There’s a little irony in this post in that I have been conspicuous in my lack of communication recently. It’s my first post for a month as I have had a very busy few weeks adjusting to new working hours, and cracking on with starting my PhD. But… I’m back from my little hiatus and I’d like to pose a question to you all…
Is there any point in doing something worthwhile unless you can communicate it effectively?

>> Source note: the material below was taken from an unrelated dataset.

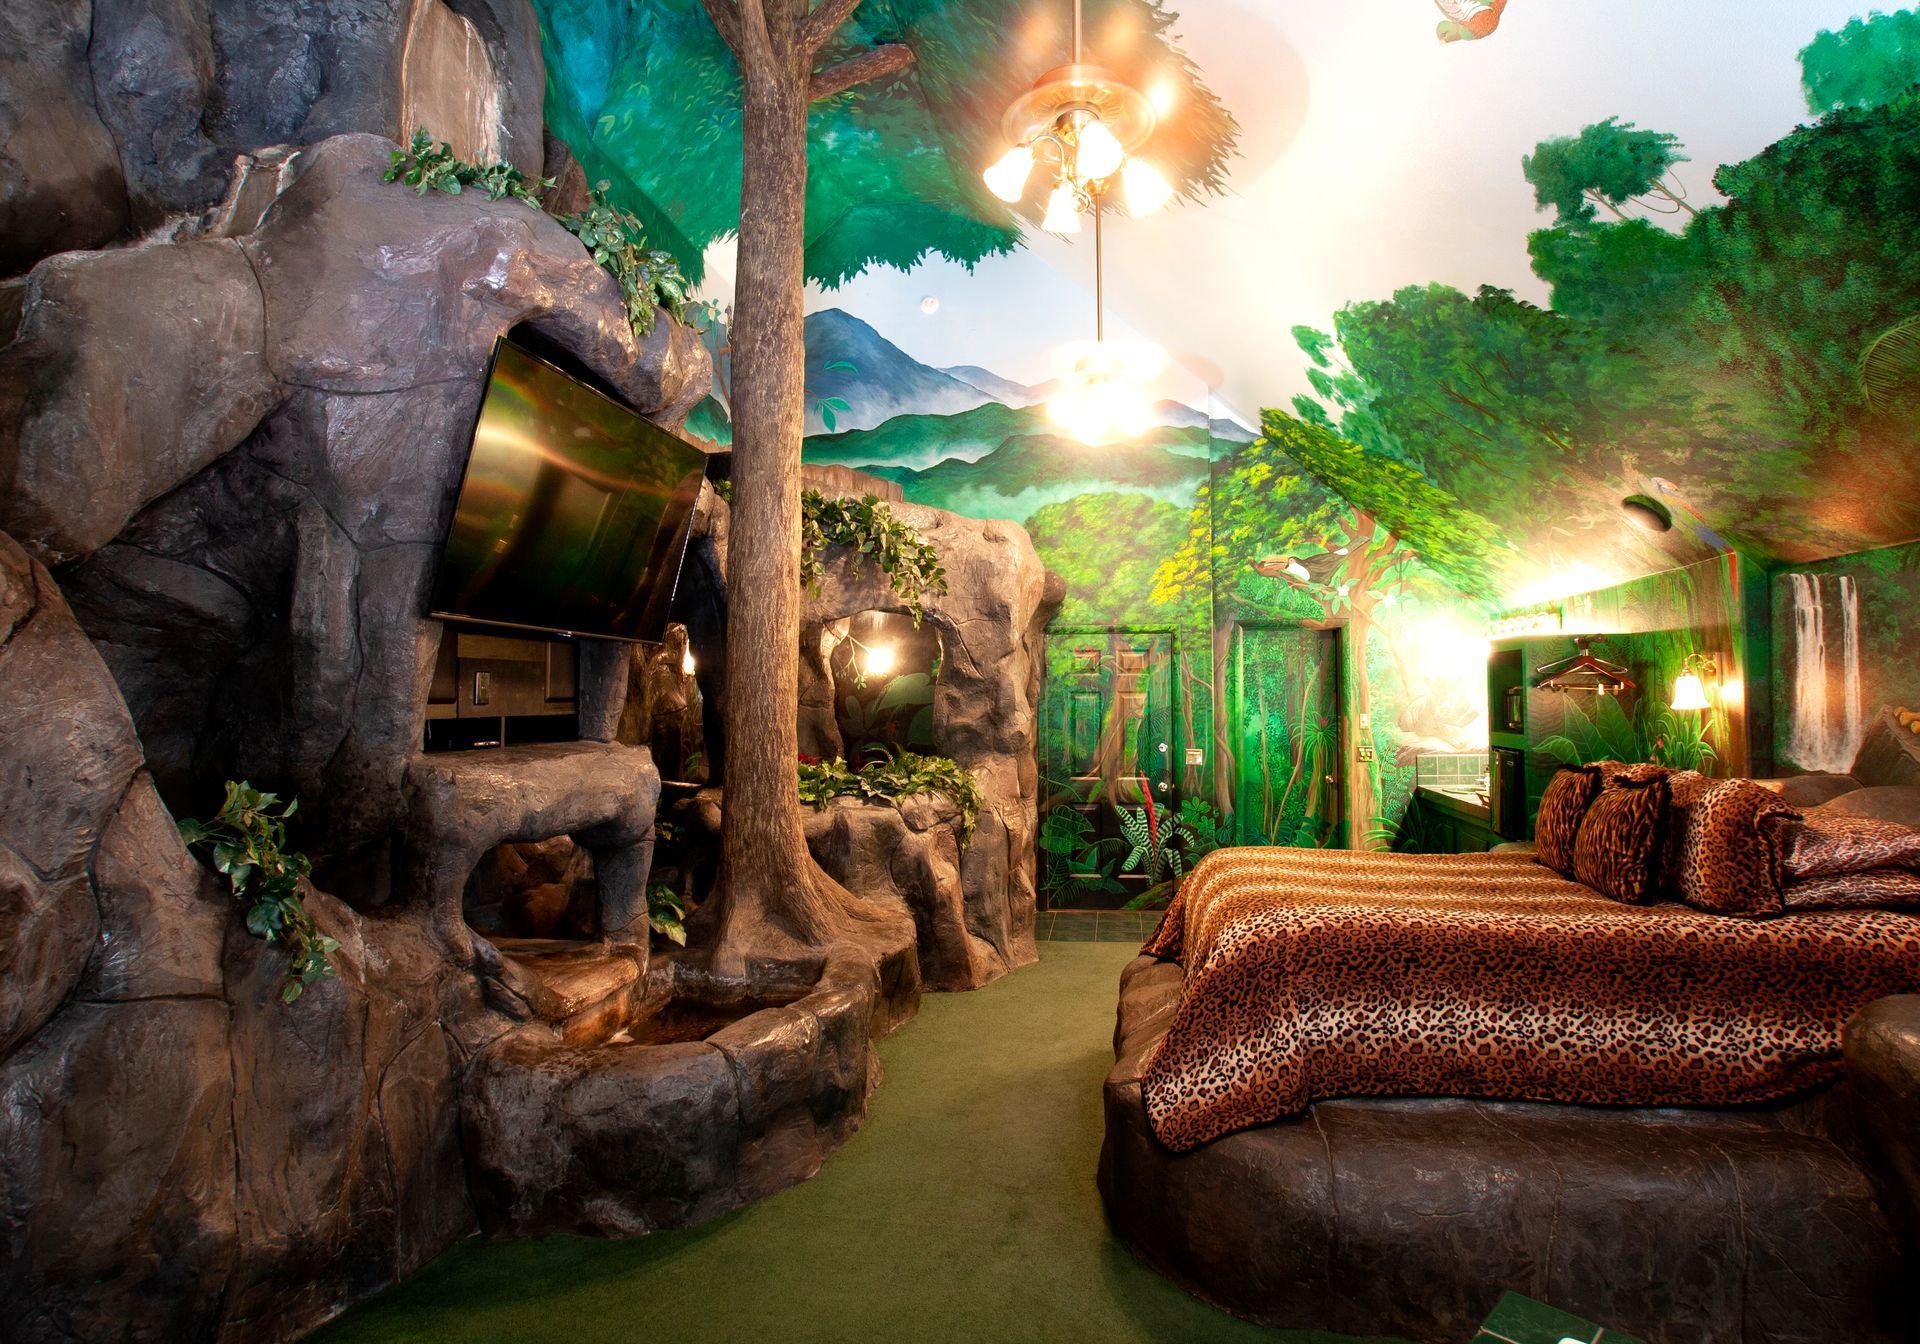 A bedroom that looks like a jungle with trees and rocks

Science has undoubtedly gotten better at it in recent years, especially when it comes to cutesy, fluffy, broadcast-friendly things. But in academia there is still an undercurrent of, for want of a better word, superiority…? And there are crazy intelligent academics doing amazing cutting edge research, but what good is that research if it isn’t communicated effectively?
I take an example from when I was at university the first time round, which was a few years ago (but not so long ago that the people in question wouldn’t still be working in academia…) anyway, the worst teachers I experienced where often the ones doing the super-cool research. But super-cool research isn’t enough, not every project will jump out and speak for itself.
And I mean some of these lecturers were dire, really dire… like monotone, reading from black and white PowerPoints, dire. No matter how life-changing the discovery, delivery like that wouldn’t stop weary students (likely recovering from the effects of the previous nights Jäger bombs) from taking a little nap. They weren’t all bad mind you, I’ll never, ever forget the legend that was Prof Brian Moss and his crazy jumper, oh and annual renditions of “mud, mud, glorious mud”.
We have a duty in any field to communicate openly and clearly. So how do we do this successfully in academia when a lot of said academics just want to do the research? Using creativity to communicate shouldn’t be underestimated, I mean yes know your audience, but a little brain teaser or god forbid a game, gets even the most superior-minded thinking.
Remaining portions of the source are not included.